■ 何もできない自分

 何をやってんだ、と一人で悪態をつく。
 考えたところで仕方ないのだが、らしくないと言えばらしくはなかった。自分にしか分からない程度の舌打ちをして、路地の壁に体をもたせかけ、腕組みをした。マーカスも恐らく似たような心境だったのであろう、この小劇場に来てからはしきりに溜息を吐いていた。それもこれも、どうせまたジタンの影響だと思うと何となく癪であった。
 ブランクとマーカスは、ジタン達をアレクサンドリア城から逃がしたあと、傷だらけで立ち上がることすら困難そうな様子のスタイナー、フライヤ、ベアトリクスを発見した。見捨てるわけにもいくまいと、思考を巡らせた結果、ルビィの小劇場に二人は彼らを運び込んだのだ。

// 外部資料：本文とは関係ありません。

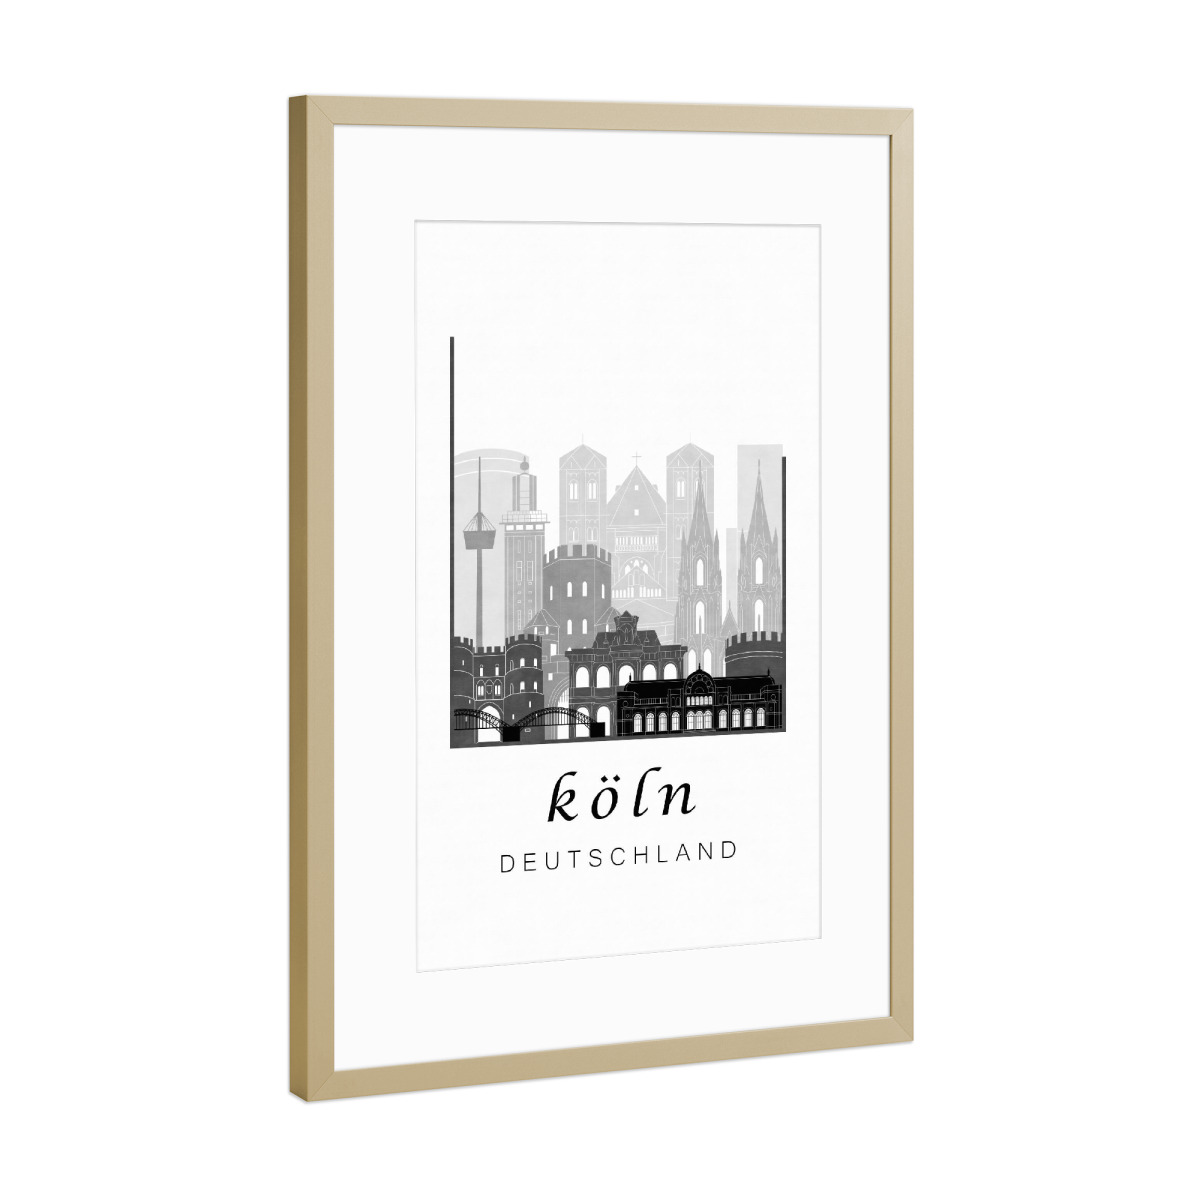 Cologne Skyline Black White Als Metal Framed Poster Bei Artboxone Kaufen

 ギシ、ギシと板のきしむ音に、ブランクは首を回した。兜と鎧を脱いで、布服となっている男が壁に手をつきながら階段をのぼってくるところだった。普段は鎧姿で歩くたびに賑やかな音を鳴らす彼だ。一目でスタイナーであると判別することは少々難しかった。
「どうした? まだ傷、癒えてねぇだろ」
 生々しい傷を覆った包帯は体の至る所に巻かれていて、まだ彼は普通に立つことすらも危うかった。

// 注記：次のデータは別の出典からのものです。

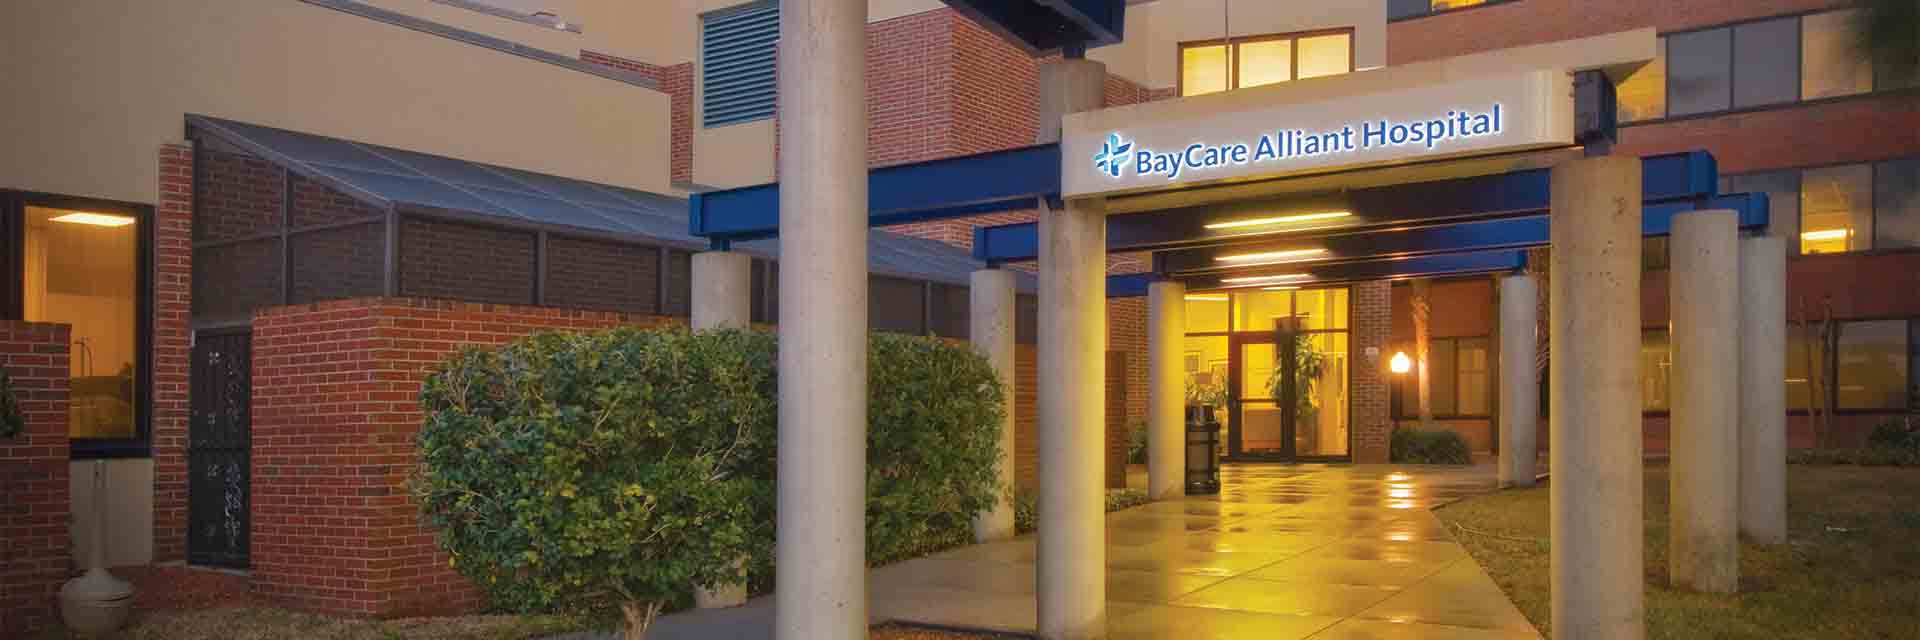 BayCare Alliant Hospital

「それとも、何か? また姫さんを助けなきゃってんで、今から追いかけるつもりか?」
「よく喋るな、貴様は……」
 顔を顰め、頭に巻かれている包帯に片手を添える。
 漸く階段を上がりきり、壁にもたれてずるずると座り込んだ。
「外の空気を吸いたかっただけである……」
 狭い空を見上げ、深く息をつく。
 そんな彼を横眼に、ブランクは密かに肩を竦めた。
「今でも……分からないのである」
 かすれた声で、呟くように、しかし語り掛けるように、彼は口を開く。
「自分のしたことは正しかったのか……本当に姫様から離れてしまって良かったのか……」
「何が正しいのかは、分からぬ」
 ふいに挟まれた声に、ブランクとスタイナーが階段の方を見やると、こちらもまた不安定な様子で一段一段を踏みしめながらのぼってきたのは、フライヤだった。
「フライヤ殿! まだ起きては……」
「おぬしに言われる覚えはないのう、スタイナー?」
 負けず劣らずの大怪我であるスタイナーは、言葉を詰まらせる。
 彼女はいつものように帽子を被っていないため、普段よりも表情がはっきり見られた。汗が伝っているし、治療した包帯からもわずかに血が滲んでいる。フライヤもまた、傷は深かった。が、路地にまで出てくると、先ほどのスタイナーを再現するかのように壁に背を預け、座り込む。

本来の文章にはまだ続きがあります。